Lifetime and annual allowances

The new tax year will see the lifetime allowance reduce to £1.25 million (from £1.5 million).  The annual allowance will reduce to £40,000 (from £50,000).  For schemes still open to accrual this increases the chance of members being subject to an annual allowance charge and the need for schemes to put procedures in place to pay and recover this charge.  Employers and trustees should think about informing members of the steps available to protect funds exceeding the new lifetime allowance.

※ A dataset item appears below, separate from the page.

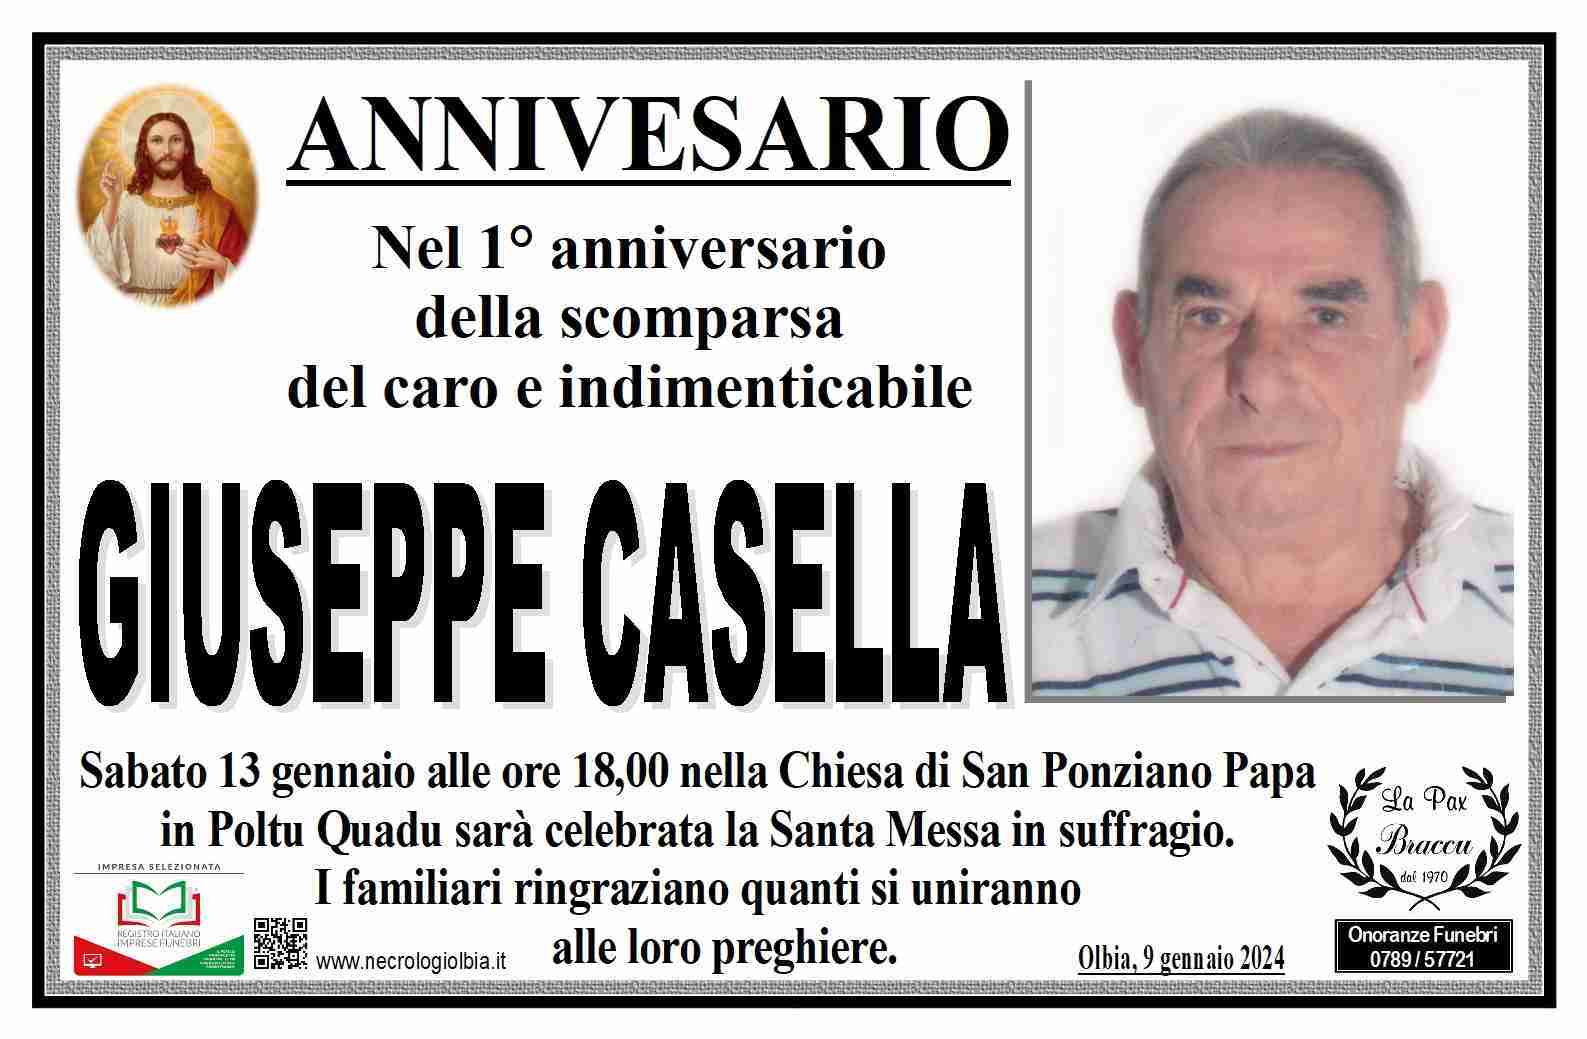 Giuseppe Casella

Contribution refunds and small accounts

The ability of occupational pension schemes members to take a refund of their contributions where they opt out of a scheme within two years is being removed to bring them in line with the personal pension scheme system.  A system for automatically transferring small pension accounts to the scheme of a member's new employer (known as "pot follows member") looks likely to be finalised during the year.

Same-sex marriages

The first same-sex marriages are expected to take place later this year.  As with civil partnerships, survivors' benefits will initially only need to be paid on benefits built up after 5 December 2005.  However, the Government is to review and may remove this limit.  If this happens, trustees will need to consider whether their scheme's rules need to be changed.  A change is unlikely to have a material impact on most schemes' funding positions given assumptions about the number of members who are married.

Disclosure regulations

New disclosure regulations apply from 6 April.  The new regulations are mainly intended to be more  user-friendly than the current regulations and harmonise disclosure timescales for personal and occupational schemes.  However, some new requirements apply to schemes with lifestyle funds and there is more flexibility on annuity assumptions used for statutory money purchase illustrations. Trustees should be ensuring their systems comply with the new requirements.

Contracting-out

Contracting-out for occupational pension schemes is due to end in April 2016.  Because this will increase the cost of future accrual under DB schemes, employers are to be allowed to make compensatory changes to their scheme.  Employers may wish to start thinking about what changes they would like to make.

VAT

The ATP case on VAT on management charges is due to be decided by the Court of Justice of the EU early in 2014.  If the court follows the Advocate General's opinion that no VAT is payable on these charges, DC schemes may see material VAT savings.

IORP II

IORP II will usher in new governance, disclosure and transparency requirements.  UK schemes already have to comply with most requirements so it is unlikely that schemes will need to make significant administrative changes.

Public sector outsourcing

Employers involved in public sector outsourcing will need to get to grips with new requirements dealing with pension provision for staff transferring from the public sector.  In general, the new system should be simpler, with employees transferred under new contracts remaining members of their public sector scheme.

Also, on 1 April, the new career average based LGPS will come into existence, which should reduce the costs of meeting the pensions obligations associated with outsourcing contracts.

Defined ambition

Finally, the Government is likely to progress its thinking on a new regulatory framework for defined ambition schemes.  Larger employers may wish review their pensions policy in light of extra flexibility on benefit design.